Today’s small press recommendations come from two talented, offbeat film writers. Masha Tupitsyn writes about film in a way that blends literature and cultural criticism, fiction and non, meditation and desire. In her book of linked stories, Beauty Talk and Monsters (Semiotexte), women narrators confuse life and cinema in a delirious and delicious way, reminiscent of Kathy Acker. In her co-edited anthology, Life As We Show It: Writing on Film (City Lights), she showcases an array of today’s most exciting writers of literary fiction, poetry, and essays (including Wayne Koestenbaum, Dodie Bellamy, Veronica Gonzalez, and Lynn Tillman) who are inspired by film and the experience of watching. Masha’s forthcoming book looks equally compelling; inspired in part by Chris Marker’s spare film scripts, it’s called LACONIA: 1200 Tweets on Film (ZerO Books [UK], April 2011). Masha recommends four small press titles today.
Mike White comes from an entirely different end of the film writing continuum. A longtime video store clerk in Detroit, Mike has edited the film zine Cashiers du Cinemart since 1994. Cashiers offers a twist on the fanboy/fanzine POV, especially in some of Mike’s early, entertaining rants against Quentin Tarantino. Fifteen issues later, Mike White and friends have covered a wide swath of underground, foreign, genre, and indie films in weird, hilarious, and obsessive prose. Recently, a Best-Of compilation of the zine was released under the title Impossibly Funky (mentioned previously on this blog when cover artist Jim Rugg recommended books). I got to meet Mike when his book tour passed thru Pittsburgh; he gave a book talk rather than a reading, which I really enjoyed--his film-geek knowledge and kaleidoscopic logic was much closer to his zine’s style than any straight reading would have been. Mike was kind enough to include mini reviews with his small press picks.

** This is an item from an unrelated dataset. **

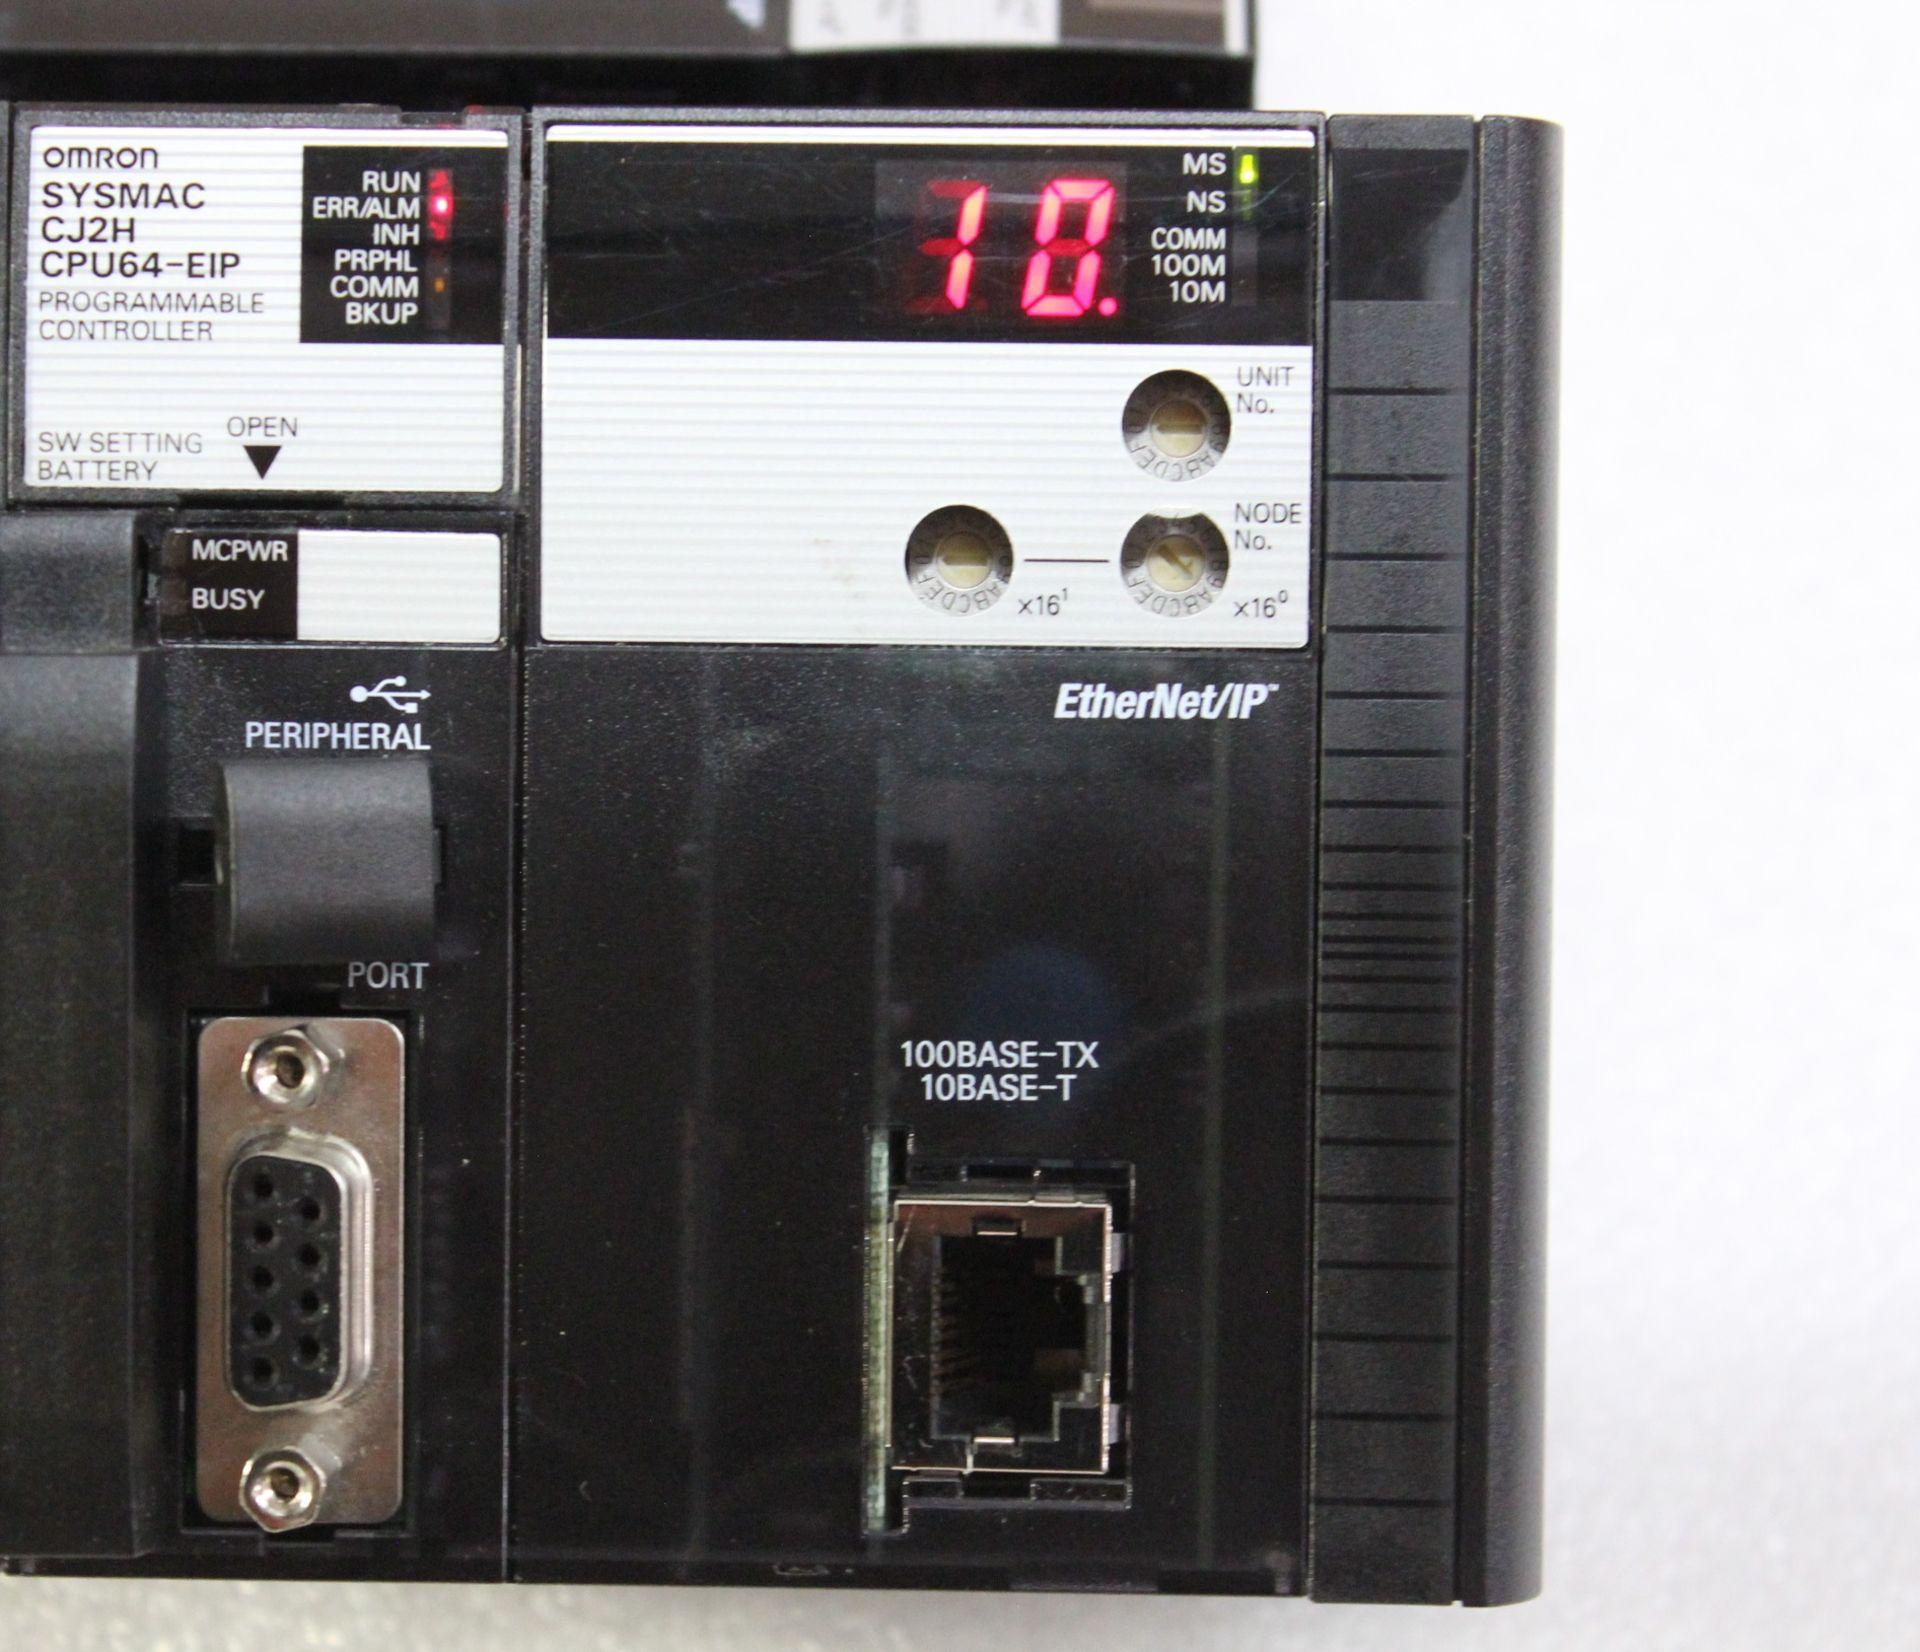 Lot 39 - OMRON PLC CPU PROCESSOR

1. American Romances: Essays, Rebecca Brown (City Lights, 2009)
2. The Encyclopedia Project Vol. II (F-K) (Encyclomedia, 2010)
3. Bad Reputation: Performances, Essays, Interviews, Penny Arcade (Semiotexte, 2010)
4. Coma, Pierre Guyotat [translated by Noura Wedell] (Semiotexte, 2010)
Masha Tupitsyn, author of LACONIA: 1200 Tweets on Film (ZerO Books, 2011)
1. The Hanging Gardens of Split Rock, Mike Faloon (Gorsky Press)
This collection of short stories and personal essays by Mike Faloon ("Zisk", "Go Metric") plays host to characters who, though well-intentioned, often set their sites on goals that may not be the best for them... or those around them. Hanging Gardens kicks off with a series of stories about a small town in upstate New York. From there Faloon tells tales of his youth, from a sociopath who he went to camp with to a hilarious recollection of a high school job. Finding a favorite piece amongst all the gems in Faloon's work is tough but I couldn't stop laughing as I read his riff on Progressive Rock. Set it to music and you've got a ready-made piece for "This American Life." Faloon's stories are heartfelt and his writing is tight without a wasted word.
2. Shock Cinema #39 (www.shockcinemamagazine.com)
One of the first movie zines I ever found, Shock Cinema never failed to bring to light myriad rare and seemingly lost movies. Art house messes, wrong-headed TV movies, tripped-out documentaries, and a good dose of Jerry Lewis made Shock Cinema a must-read. The bad news? Watching all of the movies covered in Shock Cinema would take a lifetime. The good news? Shock Cinema still comes out on a regular basis with a sheaf of new movie reviews and interviews of cult celebrities. The latest issue features reviews with actors Luke Askew, Nigel Davenport, actress Marlene Clark, and director Michael Schultz among others. On top of that, Shock Cinema head honcho Steve Puchalski and his regular contributors review well over three dozen movies; new, old, and all interesting in their own way.
3. Paracinema #10 (www.paracinema.net)
Print is dead? Tell that to Christine and Dylan, the folks behind Paracinema. When all looked lost for new independent magazines, they threw caution to the wind and birthed the best movie magazine around. Giving serious consideration to cult films without pedantic prattling or fanboy gushing, Paracinema boasts the strongest writing about film in America today.
*Full disclosure: That last remark doesn't take into account Paracinema's ill-advised decision to include two pieces that I've written for them. Apart from my stuff, they're amazing!
Mike White, editor of Impossibly Funky: A Cashiers du Cinemart Collection (BearManor Media)
Speaking of Mike Faloon, congratulations to Lynn Alexander, who won a copy of The Hanging Gardens of Split Rock in the last book giveaway on this blog.